Roma, 14 novembre 2023 – Proteggere gli ospedali, ma anche condannare Hamas. I 27 paesi dell'Unione europea all'unanimità ieri hanno siglato una dichiarazione comune sulla guerra a Gaza, chiedendo per l'ennesima volta "pause umanitarie immediate" per permettere l'ingresso di aiuti nella Striscia. "Queste pause devono essere significative, annunciate con largo anticipo e definite nel tempo", ha detto l'Europa. E la ministra degli esteri francese Catherine Colonna ha cercato di aggiungere qualcosa in più: che le pause siano "immediate e di lunga durata".
Pause chiede anche il ministro degli Esteri italiano Antonio Tajani, come d'altronde nei giorni scorsi aveva evocato la Casa Bianca. Tutta la diplomazia si è mossa, sapendo che l'urgenza di portare aiuti alla popolazione di Gaza che non c'entra con Hamas è irrimandabile.

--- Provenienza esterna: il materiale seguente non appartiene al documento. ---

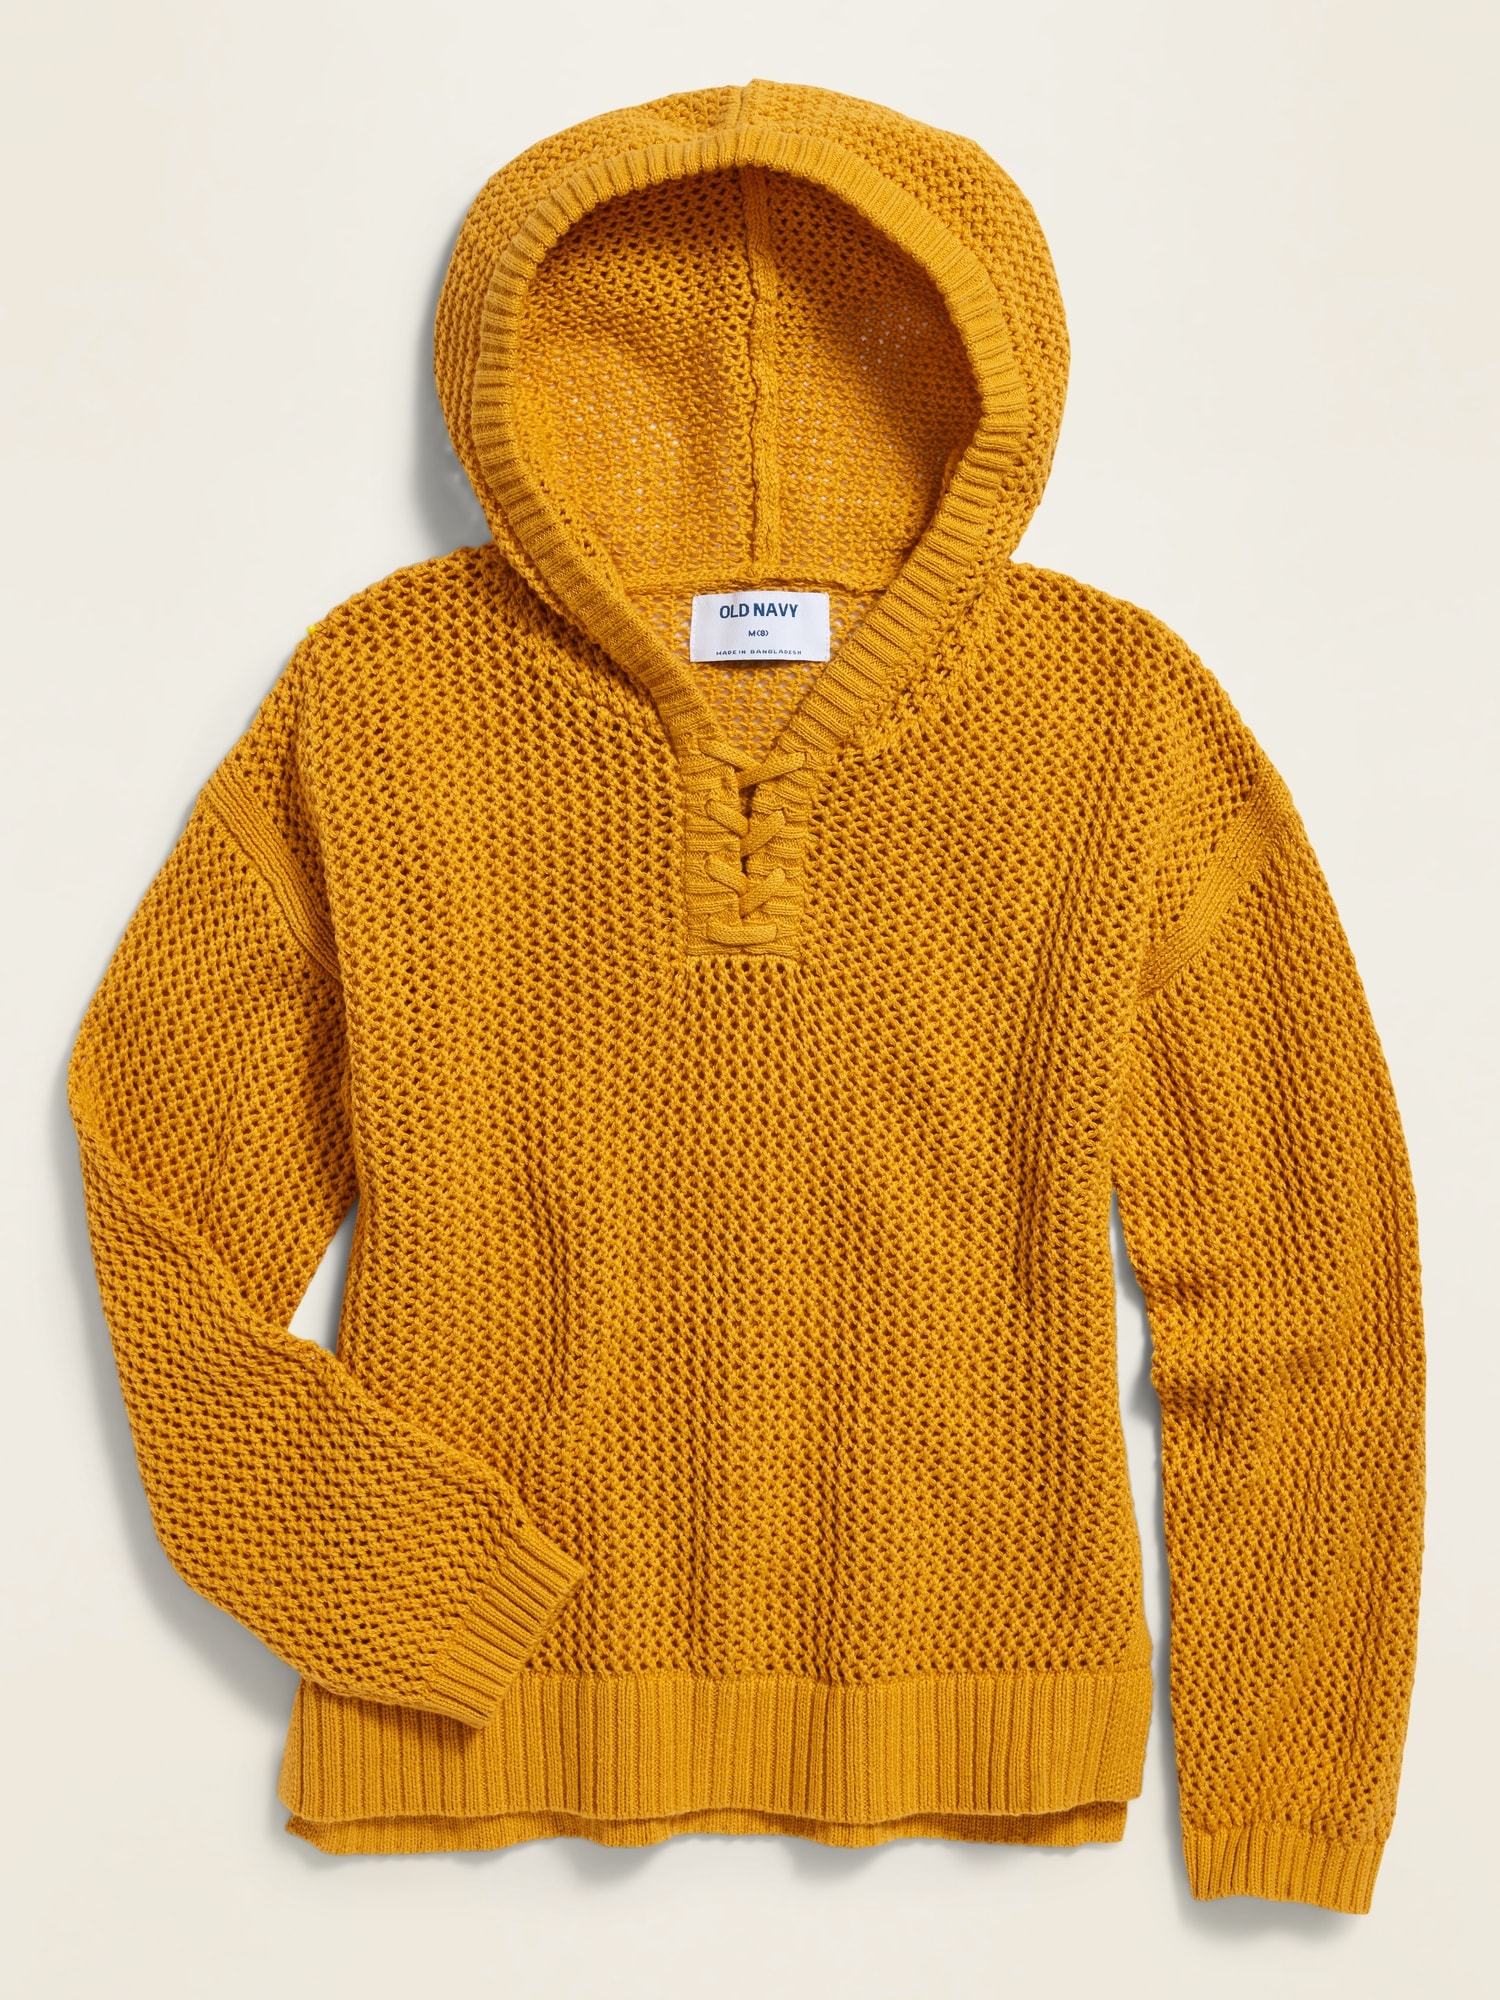 yellow hoodie old navy

Oltre l'urgenza, c'è una riflessione ulteriore che si potrebbe fare. In questo appello internazionale si nasconde la verità: ovvero quanto flebile sia la speranza che prima o poi tacciano le armi, che gli ostaggi israeliani siano liberati e che il popolo palestinese non soffra l'inutile e insopportabile massacro, innescato dal pogrom commesso dai terroristi di Hamas e della Jihad islamica il 7 ottobre.
Flebile, perché quando si parla di "pause umanitarie" si dà per scontato che tutto ciò che possiamo attenderci è una sospensione temporanea della disumanità che da oltre un mese in quelle terre pare sia la normalità. La disumanità di chi ha ucciso e violato uomini, donne e bambini nei kibbutz, la disumanità delle bombe che Israele ha lanciato per colpire Hamas ma che inevitabilmente - sono bombe, che altro - commettono stragi di civili. Ogni dieci minuti muore un bambino, è stata la contabilità dell'orrore emersa da Gaza. Pause umanitarie, pause dalla guerra, dai bombardamenti, dall'odio, dalla ferocia. Solo una pausa perché siamo incapaci di pretendere il contrario. Che l'eccezione - la pausa al vivere civile – sia la disumanità. Nella Storia dovremmo credere che l'eccezione sia stata la Shoah e le guerre, che l'eccezione sia l'oppressione di popoli e famiglie. Ma forse siamo illusi. E la diplomazia internazionale è troppo disillusa, sfinita, per credere ancora che l'obiettivo sia mettere a tacere le armi, e non solo metterle in pausa.